DOI: 10.4230/LIPIcs.ICALP.2025.7

Parameterised Holant Problems

Authors: Panagiotis Aivasiliotis, Andreas Göbel, Marc Roth, and Johannes Schmitt

Published in: LIPIcs, Volume 334, 52nd International Colloquium on Automata, Languages, and Programming (ICALP 2025)

Abstract

We investigate the complexity of parameterised holant problems p-Holant(𝒮) for families of symmetric signatures 𝒮. The parameterised holant framework has been introduced by Curticapean in 2015 as a counter-part to the classical and well-established theory of holographic reductions and algorithms, and it constitutes an extensive family of coloured and weighted counting constraint satisfaction problems on graph-like structures, encoding as special cases various well-studied counting problems in parameterised and fine-grained complexity theory such as counting edge-colourful k-matchings, graph-factors, Eulerian orientations or, more generally, subgraphs with weighted degree constraints.
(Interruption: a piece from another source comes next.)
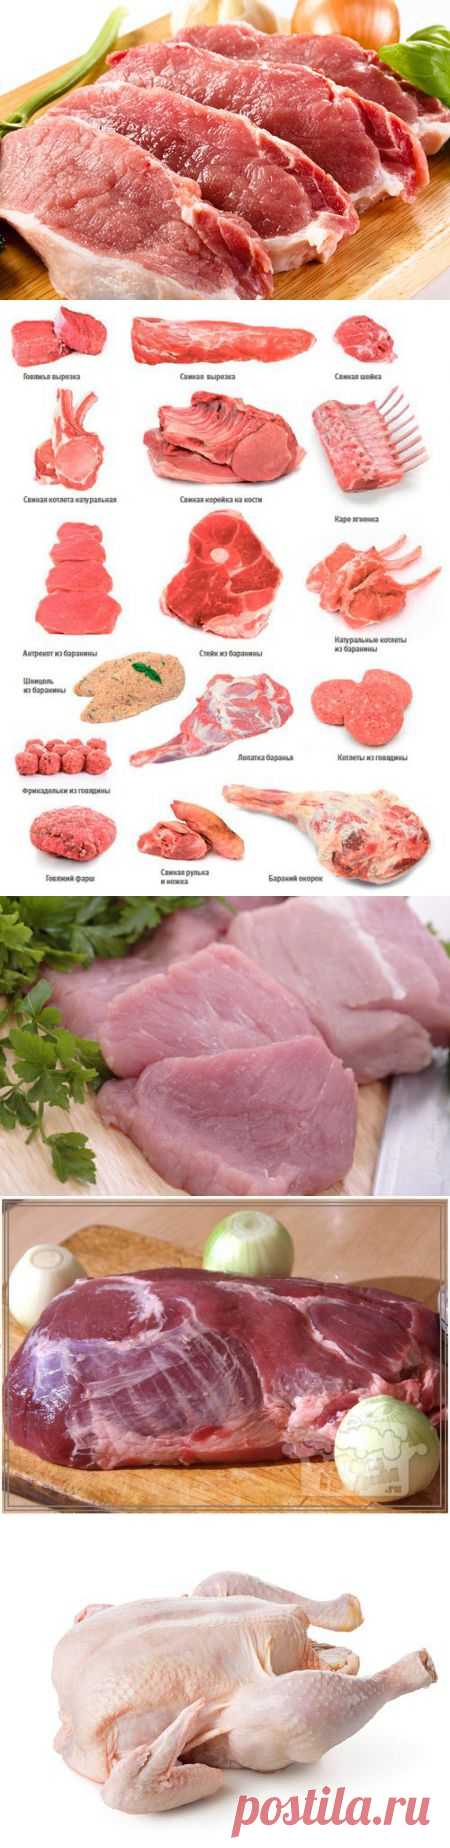 (+1) - Какое мясо выбрать для шашлыка: 8 правил для рынка и магазина | ПОТРЕБИТЕЛЬ, БДИ

We establish an exhaustive complexity trichotomy along the set of signatures 𝒮: Depending on the signatures, p-Holant(𝒮) is either 1) solvable in "FPT-near-linear time", i.e., in time f(k)⋅ 𝒪̃(|x|), or 2) solvable in "FPT-matrix-multiplication time", i.e., in time f(k)⋅ {𝒪}(n^{ω}), where n is the number of vertices of the underlying graph, but not solvable in FPT-near-linear time, unless the Triangle Conjecture fails, or 3) #W[1]-complete and no significant improvement over the naive brute force algorithm is possible unless the Exponential Time Hypothesis fails. This classification reveals a significant and surprising gap in the complexity landscape of parameterised Holants: Not only is every instance either fixed-parameter tractable or #W[1]-complete, but additionally, every FPT instance is solvable in time (at most) f(k)⋅ {𝒪}(n^{ω}). We show that there are infinitely many instances of each of the types; for example, all constant signatures yield holant problems of type (1), and the problem of counting edge-colourful k-matchings modulo p is of type (p) for p ∈ {2,3}. Finally, we also establish a complete classification for a natural uncoloured version of parameterised holant problem p-UnColHolant(𝒮), which encodes as special cases the non-coloured analogues of the aforementioned examples. We show that the complexity of p-UnColHolant(𝒮) is different: Depending on 𝒮 all instances are either solvable in FPT-near-linear time, or #W[1]-complete, that is, there are no instances of type (2).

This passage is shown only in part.